Task statement
Reproduce word for word the lines between those holding "Next-generation courier services" and "Auffällige Nahaufnahme der", inclusive, and nothing else from the data below.

Data provided
* * * *

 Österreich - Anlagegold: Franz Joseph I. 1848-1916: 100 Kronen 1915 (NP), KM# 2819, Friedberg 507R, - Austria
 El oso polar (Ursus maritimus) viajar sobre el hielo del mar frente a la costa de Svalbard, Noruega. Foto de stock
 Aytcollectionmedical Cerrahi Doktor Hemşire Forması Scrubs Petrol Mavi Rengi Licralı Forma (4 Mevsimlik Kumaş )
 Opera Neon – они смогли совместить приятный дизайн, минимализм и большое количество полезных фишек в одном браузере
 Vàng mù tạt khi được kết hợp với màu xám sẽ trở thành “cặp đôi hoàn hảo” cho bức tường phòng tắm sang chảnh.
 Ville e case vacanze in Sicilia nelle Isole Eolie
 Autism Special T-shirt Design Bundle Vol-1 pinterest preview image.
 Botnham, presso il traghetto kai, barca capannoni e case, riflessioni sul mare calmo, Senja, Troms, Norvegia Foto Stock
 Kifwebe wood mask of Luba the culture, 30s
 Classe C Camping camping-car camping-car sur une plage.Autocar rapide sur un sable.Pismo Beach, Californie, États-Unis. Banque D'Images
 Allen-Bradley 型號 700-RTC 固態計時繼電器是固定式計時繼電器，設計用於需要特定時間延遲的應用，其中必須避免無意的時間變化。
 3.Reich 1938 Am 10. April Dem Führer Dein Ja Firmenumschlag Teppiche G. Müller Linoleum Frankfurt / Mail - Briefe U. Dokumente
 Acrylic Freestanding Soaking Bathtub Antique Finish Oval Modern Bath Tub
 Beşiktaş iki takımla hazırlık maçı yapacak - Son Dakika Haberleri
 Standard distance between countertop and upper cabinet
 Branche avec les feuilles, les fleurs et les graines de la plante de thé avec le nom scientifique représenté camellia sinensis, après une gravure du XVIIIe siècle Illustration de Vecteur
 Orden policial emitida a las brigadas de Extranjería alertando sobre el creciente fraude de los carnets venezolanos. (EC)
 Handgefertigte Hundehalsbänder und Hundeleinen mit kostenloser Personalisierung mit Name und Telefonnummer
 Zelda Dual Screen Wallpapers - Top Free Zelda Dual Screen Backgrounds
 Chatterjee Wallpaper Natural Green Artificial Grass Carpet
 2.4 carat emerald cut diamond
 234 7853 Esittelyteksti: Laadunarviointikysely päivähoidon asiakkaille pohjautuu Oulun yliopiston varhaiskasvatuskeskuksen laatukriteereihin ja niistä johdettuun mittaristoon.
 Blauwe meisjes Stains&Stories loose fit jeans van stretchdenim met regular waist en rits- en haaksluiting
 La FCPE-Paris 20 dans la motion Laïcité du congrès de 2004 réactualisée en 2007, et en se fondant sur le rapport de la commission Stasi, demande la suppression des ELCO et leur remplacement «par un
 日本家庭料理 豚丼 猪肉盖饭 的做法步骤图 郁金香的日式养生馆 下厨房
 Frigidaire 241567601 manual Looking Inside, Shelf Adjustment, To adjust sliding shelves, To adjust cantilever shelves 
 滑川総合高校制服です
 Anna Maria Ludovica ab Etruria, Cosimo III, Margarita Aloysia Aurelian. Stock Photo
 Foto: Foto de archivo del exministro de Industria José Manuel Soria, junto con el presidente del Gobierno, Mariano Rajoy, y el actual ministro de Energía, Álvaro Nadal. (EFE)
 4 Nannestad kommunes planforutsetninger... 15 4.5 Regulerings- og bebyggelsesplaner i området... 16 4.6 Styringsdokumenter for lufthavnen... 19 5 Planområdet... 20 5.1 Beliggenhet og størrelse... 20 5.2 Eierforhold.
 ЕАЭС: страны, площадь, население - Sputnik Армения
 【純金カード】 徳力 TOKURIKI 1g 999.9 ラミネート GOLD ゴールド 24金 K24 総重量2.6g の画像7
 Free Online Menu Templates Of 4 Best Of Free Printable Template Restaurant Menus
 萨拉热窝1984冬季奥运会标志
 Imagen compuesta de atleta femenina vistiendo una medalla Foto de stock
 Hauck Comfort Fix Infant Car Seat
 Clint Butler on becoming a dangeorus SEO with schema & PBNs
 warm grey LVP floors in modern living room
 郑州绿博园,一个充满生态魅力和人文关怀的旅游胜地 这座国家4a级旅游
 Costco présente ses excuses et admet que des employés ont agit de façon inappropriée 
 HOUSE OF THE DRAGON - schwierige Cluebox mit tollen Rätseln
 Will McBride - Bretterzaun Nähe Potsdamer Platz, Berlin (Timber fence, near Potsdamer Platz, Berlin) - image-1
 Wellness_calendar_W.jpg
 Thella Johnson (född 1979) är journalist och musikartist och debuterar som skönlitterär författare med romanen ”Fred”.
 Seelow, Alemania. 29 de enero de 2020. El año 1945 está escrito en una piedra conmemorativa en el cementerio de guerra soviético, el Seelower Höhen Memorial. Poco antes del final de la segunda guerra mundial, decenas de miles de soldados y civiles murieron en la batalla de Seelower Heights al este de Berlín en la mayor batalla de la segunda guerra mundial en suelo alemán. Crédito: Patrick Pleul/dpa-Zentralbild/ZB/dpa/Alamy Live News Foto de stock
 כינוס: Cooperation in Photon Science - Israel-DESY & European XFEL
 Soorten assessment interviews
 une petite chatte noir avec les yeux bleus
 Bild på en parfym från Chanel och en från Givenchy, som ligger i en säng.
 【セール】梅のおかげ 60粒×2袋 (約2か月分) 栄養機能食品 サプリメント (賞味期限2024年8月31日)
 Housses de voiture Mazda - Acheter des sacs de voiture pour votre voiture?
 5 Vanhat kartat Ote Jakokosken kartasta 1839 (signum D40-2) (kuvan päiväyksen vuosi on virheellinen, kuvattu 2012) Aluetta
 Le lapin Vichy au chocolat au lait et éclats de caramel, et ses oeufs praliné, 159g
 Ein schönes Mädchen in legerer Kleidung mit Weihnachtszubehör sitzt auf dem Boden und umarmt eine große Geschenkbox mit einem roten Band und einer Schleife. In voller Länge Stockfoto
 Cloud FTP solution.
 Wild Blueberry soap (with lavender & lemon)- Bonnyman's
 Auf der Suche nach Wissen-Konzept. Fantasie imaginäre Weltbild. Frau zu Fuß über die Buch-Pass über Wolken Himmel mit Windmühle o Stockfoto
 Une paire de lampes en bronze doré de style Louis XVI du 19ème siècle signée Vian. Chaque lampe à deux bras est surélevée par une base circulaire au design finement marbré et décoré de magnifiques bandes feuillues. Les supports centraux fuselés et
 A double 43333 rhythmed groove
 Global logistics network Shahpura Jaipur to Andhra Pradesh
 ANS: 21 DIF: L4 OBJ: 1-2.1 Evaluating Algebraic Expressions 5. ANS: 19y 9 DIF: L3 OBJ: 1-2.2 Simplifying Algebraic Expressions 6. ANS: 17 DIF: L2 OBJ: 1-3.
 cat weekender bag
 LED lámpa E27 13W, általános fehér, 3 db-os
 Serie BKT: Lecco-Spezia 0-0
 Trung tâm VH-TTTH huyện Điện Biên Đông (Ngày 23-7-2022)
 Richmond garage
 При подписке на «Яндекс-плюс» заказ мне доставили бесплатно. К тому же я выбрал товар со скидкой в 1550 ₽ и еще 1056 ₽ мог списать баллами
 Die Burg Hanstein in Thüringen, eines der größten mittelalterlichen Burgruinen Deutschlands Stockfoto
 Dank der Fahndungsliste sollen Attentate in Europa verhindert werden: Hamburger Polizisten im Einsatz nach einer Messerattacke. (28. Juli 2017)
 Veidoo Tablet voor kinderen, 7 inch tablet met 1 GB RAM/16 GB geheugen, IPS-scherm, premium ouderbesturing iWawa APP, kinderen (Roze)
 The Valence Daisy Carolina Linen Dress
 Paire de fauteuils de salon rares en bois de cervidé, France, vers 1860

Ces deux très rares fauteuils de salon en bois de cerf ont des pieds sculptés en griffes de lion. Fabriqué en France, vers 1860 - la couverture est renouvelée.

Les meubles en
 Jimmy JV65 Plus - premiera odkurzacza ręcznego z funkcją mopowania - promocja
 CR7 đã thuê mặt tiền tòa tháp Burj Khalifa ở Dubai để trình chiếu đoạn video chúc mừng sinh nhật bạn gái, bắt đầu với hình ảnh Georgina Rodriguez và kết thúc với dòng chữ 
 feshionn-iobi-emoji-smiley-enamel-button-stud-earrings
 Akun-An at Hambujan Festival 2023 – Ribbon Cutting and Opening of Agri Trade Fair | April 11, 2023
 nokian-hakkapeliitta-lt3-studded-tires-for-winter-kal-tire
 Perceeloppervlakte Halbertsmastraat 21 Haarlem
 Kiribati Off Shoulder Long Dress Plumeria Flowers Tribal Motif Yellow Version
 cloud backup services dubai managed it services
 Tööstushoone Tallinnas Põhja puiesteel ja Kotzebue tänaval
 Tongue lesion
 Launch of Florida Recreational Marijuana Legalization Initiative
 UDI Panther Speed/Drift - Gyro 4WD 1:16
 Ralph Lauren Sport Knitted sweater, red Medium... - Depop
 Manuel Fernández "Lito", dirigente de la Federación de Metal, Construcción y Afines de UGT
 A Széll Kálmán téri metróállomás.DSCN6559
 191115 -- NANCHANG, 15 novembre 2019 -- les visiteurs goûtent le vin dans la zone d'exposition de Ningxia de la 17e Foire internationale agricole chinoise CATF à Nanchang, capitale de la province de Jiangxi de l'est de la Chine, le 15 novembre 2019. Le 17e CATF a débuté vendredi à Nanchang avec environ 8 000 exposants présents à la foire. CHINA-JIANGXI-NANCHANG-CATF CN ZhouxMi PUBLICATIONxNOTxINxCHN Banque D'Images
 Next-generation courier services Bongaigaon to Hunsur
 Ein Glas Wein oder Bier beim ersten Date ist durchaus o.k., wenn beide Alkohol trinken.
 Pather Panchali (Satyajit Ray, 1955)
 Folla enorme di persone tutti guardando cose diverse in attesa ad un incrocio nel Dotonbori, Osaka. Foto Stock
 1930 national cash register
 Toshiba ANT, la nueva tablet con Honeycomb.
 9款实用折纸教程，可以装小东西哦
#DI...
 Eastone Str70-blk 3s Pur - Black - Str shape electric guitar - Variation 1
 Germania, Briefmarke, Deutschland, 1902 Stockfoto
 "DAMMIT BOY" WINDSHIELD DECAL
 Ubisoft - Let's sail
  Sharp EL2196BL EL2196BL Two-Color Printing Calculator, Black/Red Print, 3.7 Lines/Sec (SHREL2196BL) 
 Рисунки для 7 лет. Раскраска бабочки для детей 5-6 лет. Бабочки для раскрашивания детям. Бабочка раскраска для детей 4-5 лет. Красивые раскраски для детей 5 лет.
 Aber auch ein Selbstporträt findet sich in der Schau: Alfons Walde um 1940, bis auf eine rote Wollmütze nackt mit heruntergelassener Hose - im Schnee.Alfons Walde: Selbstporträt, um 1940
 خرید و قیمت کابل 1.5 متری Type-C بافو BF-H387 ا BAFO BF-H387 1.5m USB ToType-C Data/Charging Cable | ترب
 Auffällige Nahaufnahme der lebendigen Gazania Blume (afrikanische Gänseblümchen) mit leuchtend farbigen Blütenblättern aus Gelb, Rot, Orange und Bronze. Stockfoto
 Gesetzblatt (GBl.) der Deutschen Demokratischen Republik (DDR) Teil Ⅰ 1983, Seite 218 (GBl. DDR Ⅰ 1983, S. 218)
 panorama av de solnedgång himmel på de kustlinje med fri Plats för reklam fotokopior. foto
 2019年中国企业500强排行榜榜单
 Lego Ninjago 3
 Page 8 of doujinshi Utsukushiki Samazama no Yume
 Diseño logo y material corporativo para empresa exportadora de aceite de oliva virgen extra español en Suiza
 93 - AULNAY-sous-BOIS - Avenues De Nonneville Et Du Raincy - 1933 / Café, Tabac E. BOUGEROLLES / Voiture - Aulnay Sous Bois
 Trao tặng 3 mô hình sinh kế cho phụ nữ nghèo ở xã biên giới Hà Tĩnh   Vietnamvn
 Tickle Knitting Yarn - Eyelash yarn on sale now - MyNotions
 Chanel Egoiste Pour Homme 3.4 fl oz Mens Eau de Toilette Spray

* * * *

Task output
 Next-generation courier services Bongaigaon to Hunsur
 Ein Glas Wein oder Bier beim ersten Date ist durchaus o.k., wenn beide Alkohol trinken.
 Pather Panchali (Satyajit Ray, 1955)
 Folla enorme di persone tutti guardando cose diverse in attesa ad un incrocio nel Dotonbori, Osaka. Foto Stock
 1930 national cash register
 Toshiba ANT, la nueva tablet con Honeycomb.
 9款实用折纸教程，可以装小东西哦
#DI...
 Eastone Str70-blk 3s Pur - Black - Str shape electric guitar - Variation 1
 Germania, Briefmarke, Deutschland, 1902 Stockfoto
 "DAMMIT BOY" WINDSHIELD DECAL
 Ubisoft - Let's sail
  Sharp EL2196BL EL2196BL Two-Color Printing Calculator, Black/Red Print, 3.7 Lines/Sec (SHREL2196BL) 
 Рисунки для 7 лет. Раскраска бабочки для детей 5-6 лет. Бабочки для раскрашивания детям. Бабочка раскраска для детей 4-5 лет. Красивые раскраски для детей 5 лет.
 Aber auch ein Selbstporträt findet sich in der Schau: Alfons Walde um 1940, bis auf eine rote Wollmütze nackt mit heruntergelassener Hose - im Schnee.Alfons Walde: Selbstporträt, um 1940
 خرید و قیمت کابل 1.5 متری Type-C بافو BF-H387 ا BAFO BF-H387 1.5m USB ToType-C Data/Charging Cable | ترب
 Auffällige Nahaufnahme der lebendigen Gazania Blume (afrikanische Gänseblümchen) mit leuchtend farbigen Blütenblättern aus Gelb, Rot, Orange und Bronze. Stockfoto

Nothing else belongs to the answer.